Blindsight Read online

Page 11


  I sat in my car and buried my face in my hands. ‘What am I doing?’ I moaned. But I understand Richie now. He was making sure the boys loved him. He knew what he was about.

  The way to get what he wanted from me, which wasn’t love, was to treat me like dirt. I’ve thought a while about that phrase. It’s not a lazy choice and it isn’t easy. I mean women were base material. I was the handful he had picked up – and better quality than he’d found before: no clay in the mixture, good rich soil. So, for a while, Richie cultivated me.

  It’s an absurd metaphor and doesn’t hold up. But the truth in it is that I began to feel like something he held in the palm of his hand and ran his thumb through to feel the texture. I knew that he could toss me aside any time he wanted, so I worked at being more and more the thing lying in his palm. I practised the Alice Ferry who pleased him most. So I’ll let it stand.

  I rented a flat in Nile Street, with the Maitai River running at the bottom of the garden. I sat on the bank in the evenings, or on weekend afternoons when Richie did not want me, and heard the water sliding over stones. I admired its silkiness and the easy turning with which it found its way. A child floated by on an inner tube. He smiled at me as though I were part of the world. Those times were like an argument against Richie, stronger than the arguments of friends, who deplored him, found him the rudest, most arrogant etc., saw that he was using me and ruining me, saw that I was ill with him. A trout, speckled on its back and cream on its underside, held itself in the current by the flicking of its tail. It told me I should free myself from Richie. It lived entirely in its element.

  I opened my book and took up residence for a chapter or two. I thought about work and how I might publish my next paper without the Harvey director adding his name. I worried about Gordon for a while. His letters were friendly and full of chat (he had bought a motorbike and something had gone wrong with it, he couldn’t get it started) but said nothing about Marlene and nothing about him and me. I cooled my feet in the water, listening to radio music over two hedges – a flute breathing and a harp plinking – so on, so on, afloat above my yearning for Richie Ayres.

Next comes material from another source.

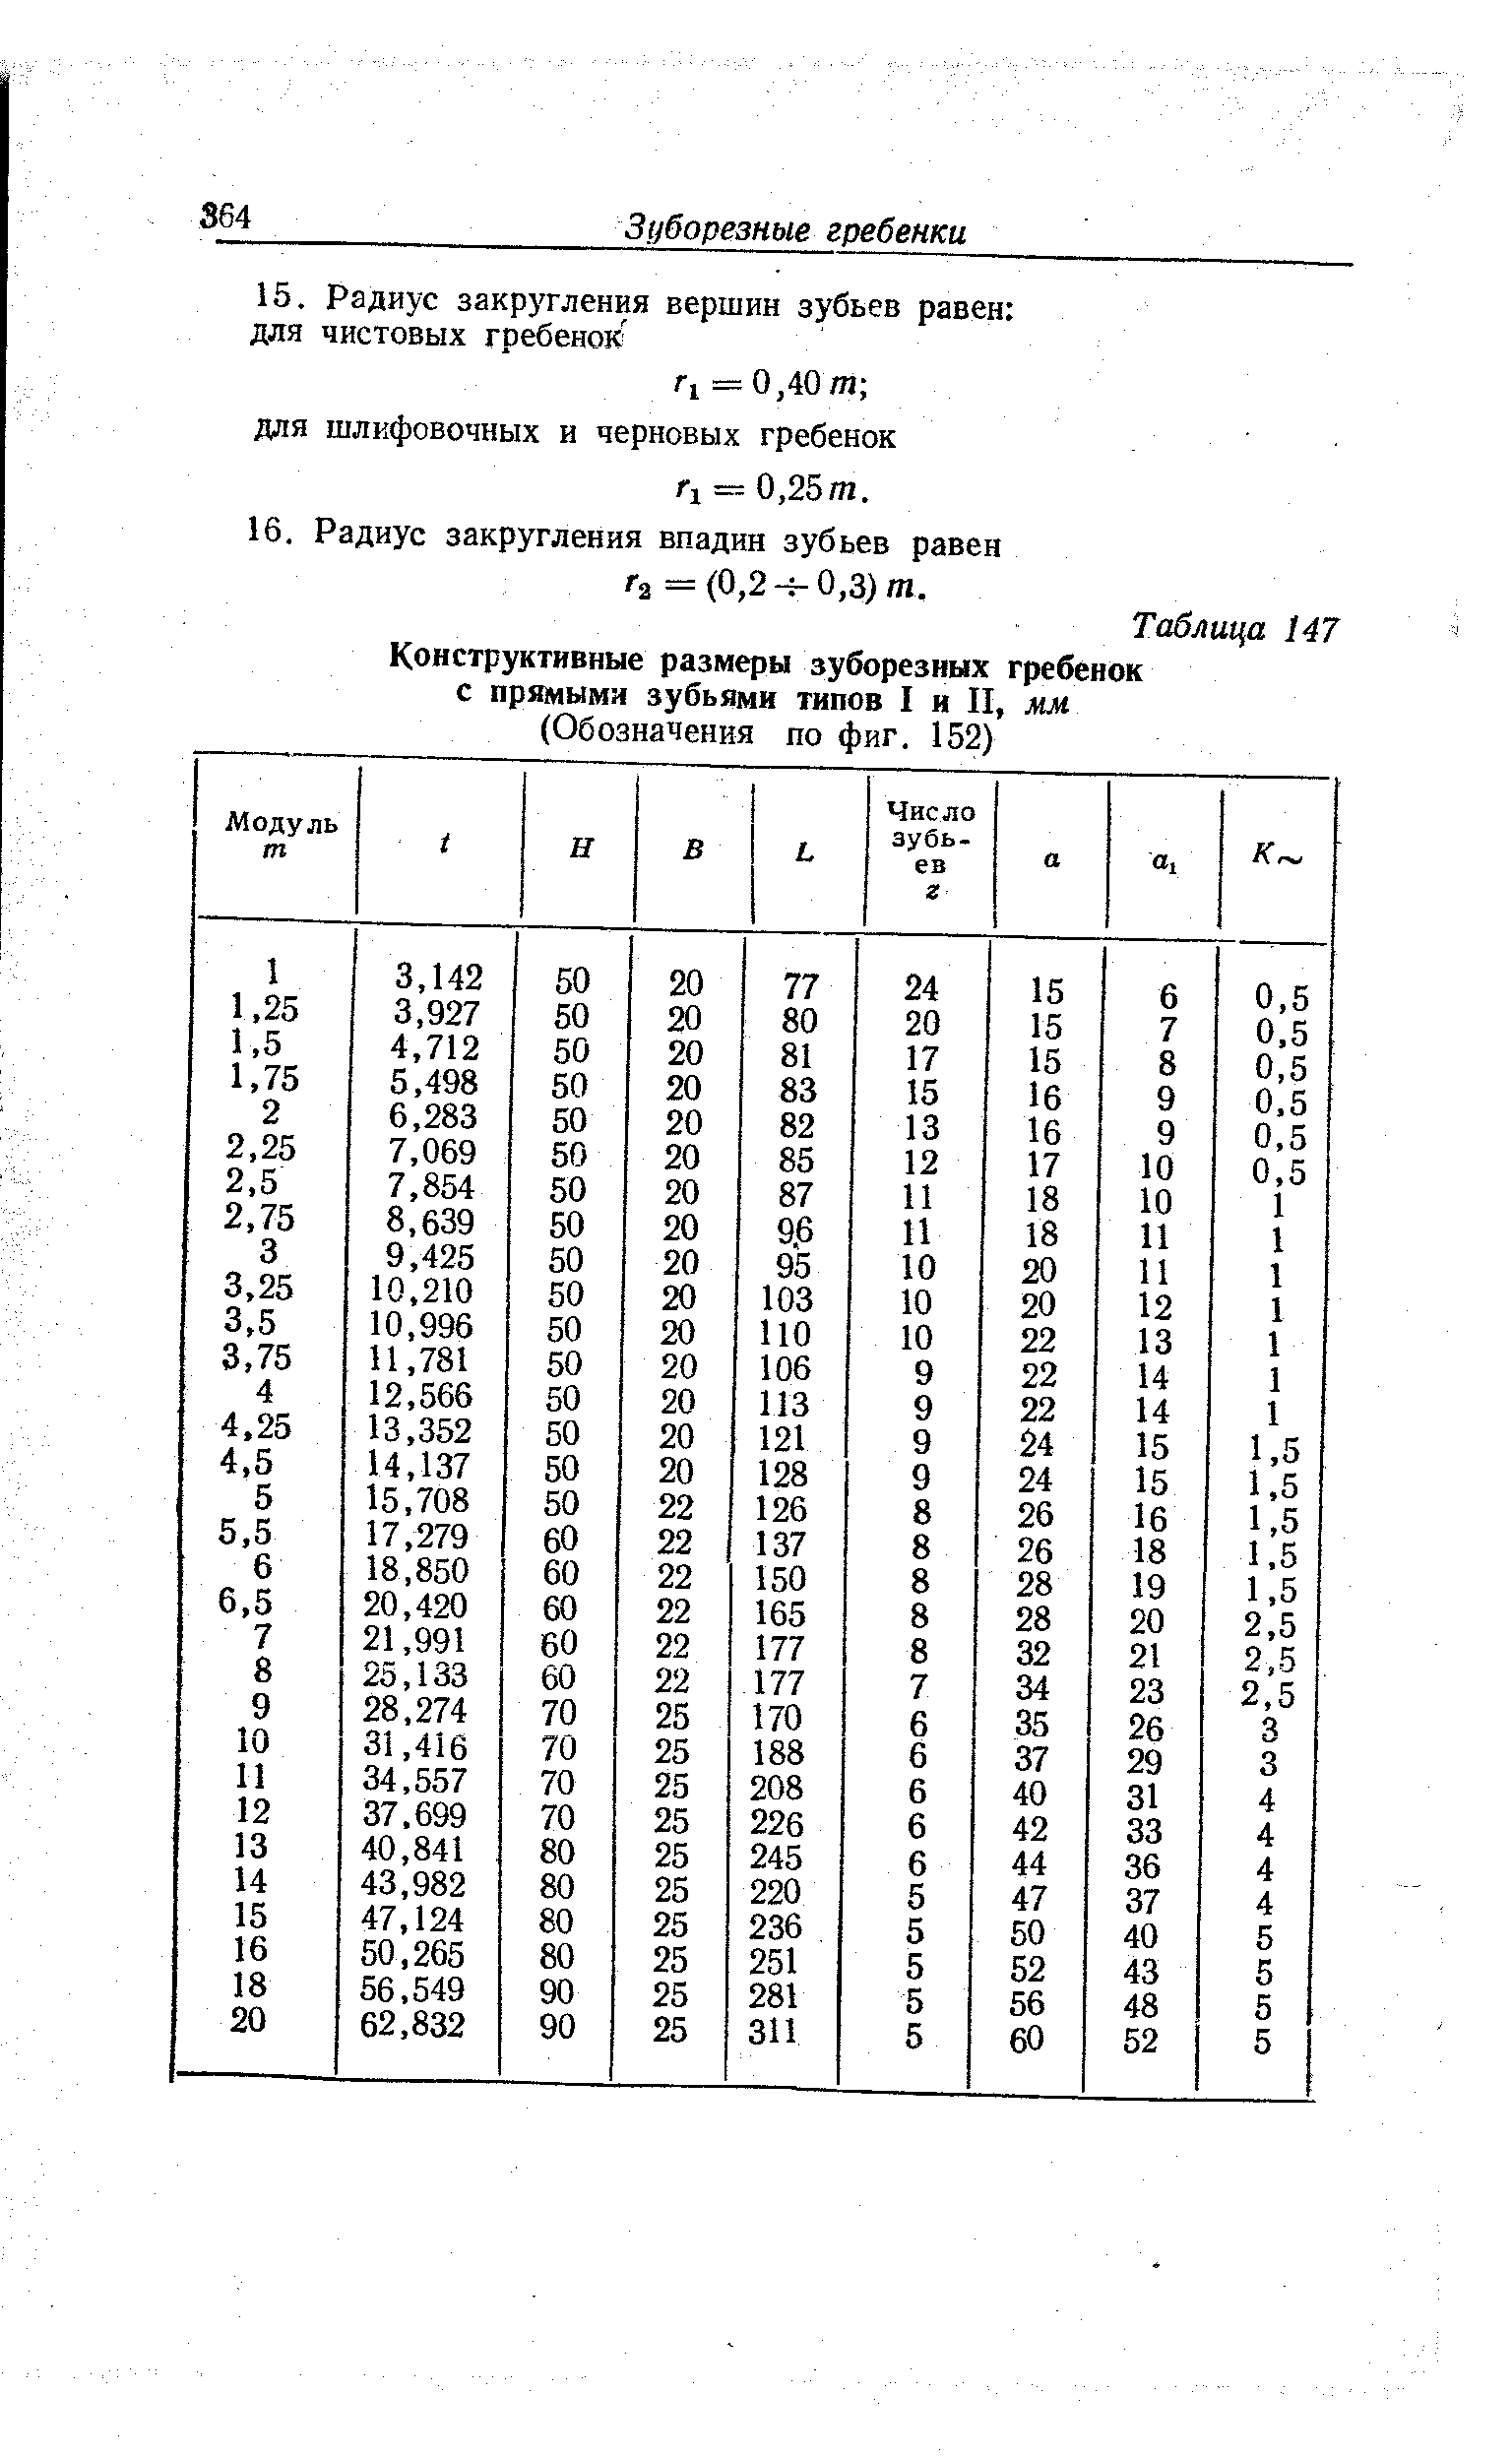 Таблица 147 Конструктивные размеры зуборезных гребенок с <a href="/info/12122">прямыми зубьями</a> типов I и II, лш

  I was driving to his place that evening to cook dinner. Before perhaps, but certainly afterwards, we would make love. I would creep out of his bed at four in the morning. and drive home, careful not to wake or compromise him. I was a woman of thirty who had had, and used in her way, half a dozen lovers. I was helpless in Richie Ayres’ hands.

  His flat was in Tahunanui, close to the beach. I drove there at six o’clock, with T-bone steaks bought the day before and a bottle of Chateauneuf du Pape supplied by a publican who thought it was plonk (he showed me a dusty case in a backyard shed and told me to suggest a price. We settled on one and six a bottle). I meant to surprise Richie and wanted him to say how clever I had been. The sun was setting behind the Arthur Range. Huge grey clouds turned purple and red. I hurried up his path under rhododendron trees, with agapanthus leaves stroking my thighs. I was hot with anticipation, and was a little mad. I meant to drag Richie to the window, show him the black mountains and the tumorous clouds, then slide my hands inside his shirt, round his furred back, and take him, wrestle him into his bed. Wine afterwards, steak later on.

  The flat was dark. He had thumb-tacked a note on his front door: Sorry Alice, had to go out. Might see you tomorrow. R.

  I can hear the sound I made: a bat-shriek of diminishment and despair. The sky darkened and pressed me flat. I believe that for a while I lay insensible on his porch. Later I found myself sitting on his doorstep, and there I stayed, hour after hour, ten o’clock, midnight, two o’clock. I shivered. I hugged myself smaller and smaller, I shrank like the incredible shrinking man, and held on to a sense of my being only through glints of light from the moon and through attenuated sounds: waves slapping on the sea-wall, hissing on the beach, a girl far away laughing like a bird. It was like the consciousness that’s left when you know – but barely know – your nightmare is a dream, when you hear the distant whisper: I can wake up.

  Three o’clock. I slid from one side of myself to the other. Richie was coming; he would not come. I should be ready for him; I should be away and showing no anxiety or bother. I hated him. I loved him, needed him, had to have him. Psychic orgasms, psychic murders, tormented me. Finally, knowledge that I was a mess drove me away. He must not see me ravaged and swollen-eyed.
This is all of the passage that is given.